日本ではなぜ女性が男性にチョコレートをあげて愛の告白をするというものがバレンタインなのだろうか、と考えたことがある。

私はアメリカにいたことがあり、その時バレンタインデーだからと好きだった人にチョコレートをあげようと思ったのだが、どの店も女性より男性が多く気の利いたラッピングをしているチョコレートなど売られていなかった。代わりにかわいいキャンディーにバレンタインという文字が入っていたりして、その売り場のそばには決まってといっていいほど花が売られていた。レジには多くの男性が並んでいる。女性専門の下着屋さんにもバレンタインデーは男性客が多くいた記憶が。私は何も知らずに好きだった人に安いチョコレートを渡すと、相手は訳のわからないといった顔をしている。相手は私に下着とキャンディー、そしてステキな花をくれた。

友人達に義理チョコを渡した時も皆に変な顔をされた。義理などありえないのである。そんなことも知らないから変に誤解をした人もいた。好きでもない人にそういうことをするのは義理でもなんでもない。相手の気持ちを踏みにじるだけなんだなとその時思った。私は19歳だった。

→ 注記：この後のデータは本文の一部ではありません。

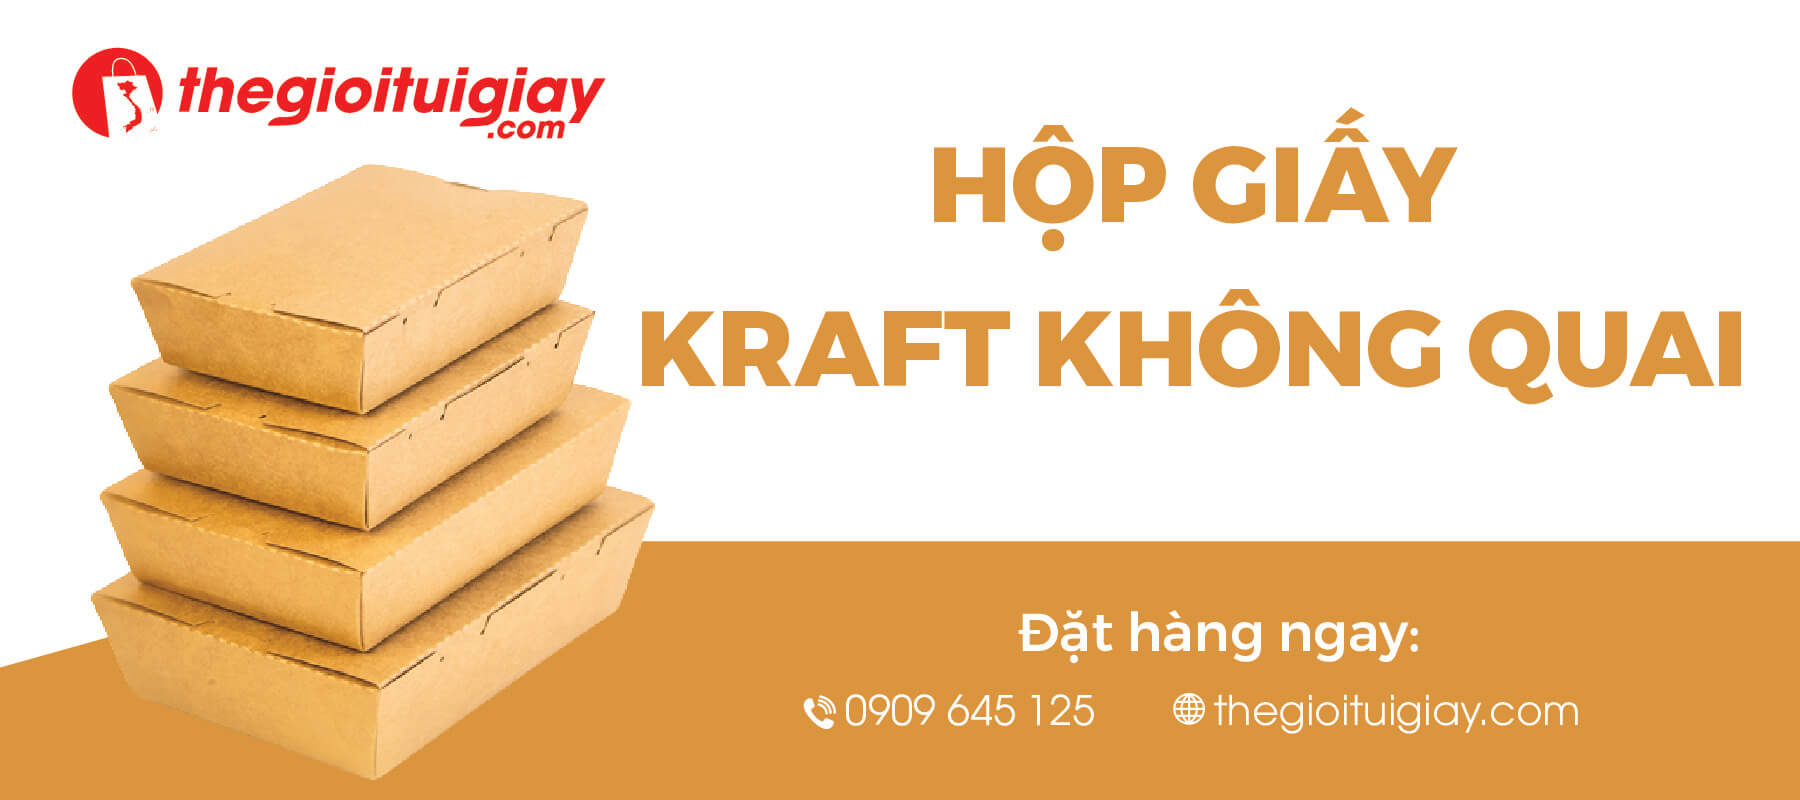 banner-hop-giay-kraft-khong-quai

さて、バレンタイン文化についてアメリカ人に日本との違いを説明してはみるものの、やはり理解されることはない。そういう訳で、私にとってバレンタインって両方考えられるので、日本にいる時とアメリカにいる時とで脳みそを切り替えなければならないやっかいな行事でもある。

学生時代は日本で手編みのセーターをプレゼントしたことがあるが、上手くできてしまい手作りだと信用されなかったりした記憶もある。派遣社員をやってた時は、安い給料から義理チョコを渡すべきがどうか悩み、渡さないのにホワイトデーにもらったりしてどうすれば良いのか悩んだこともある。

思えばホワイトデーも日本ならではである。外資系の会社で働いていた時、英国の会社だったため多くのイギリス人やらオーストラリア・ニュージーランド人がいたけど、この人たちだけかな、日本のバレンタイン文化を楽しんでいたのは。

義理チョコ、本命チョコやプレゼントなどいろんなところでもらっては、ホワイトデーになるとそんな文化は日本だけしかないから知らなかった、ごめんといい毎年それを繰り返す。日本は天国だと言ってた人たちも多かった。こういう思い出しかないな。私の旦那さまは日本人だけど、あまり良いチョコレートが好きではないので、買ってきて渡して少しもらう。バレンタインデー、イコールいいチョコレートが私も食べられる日となっている。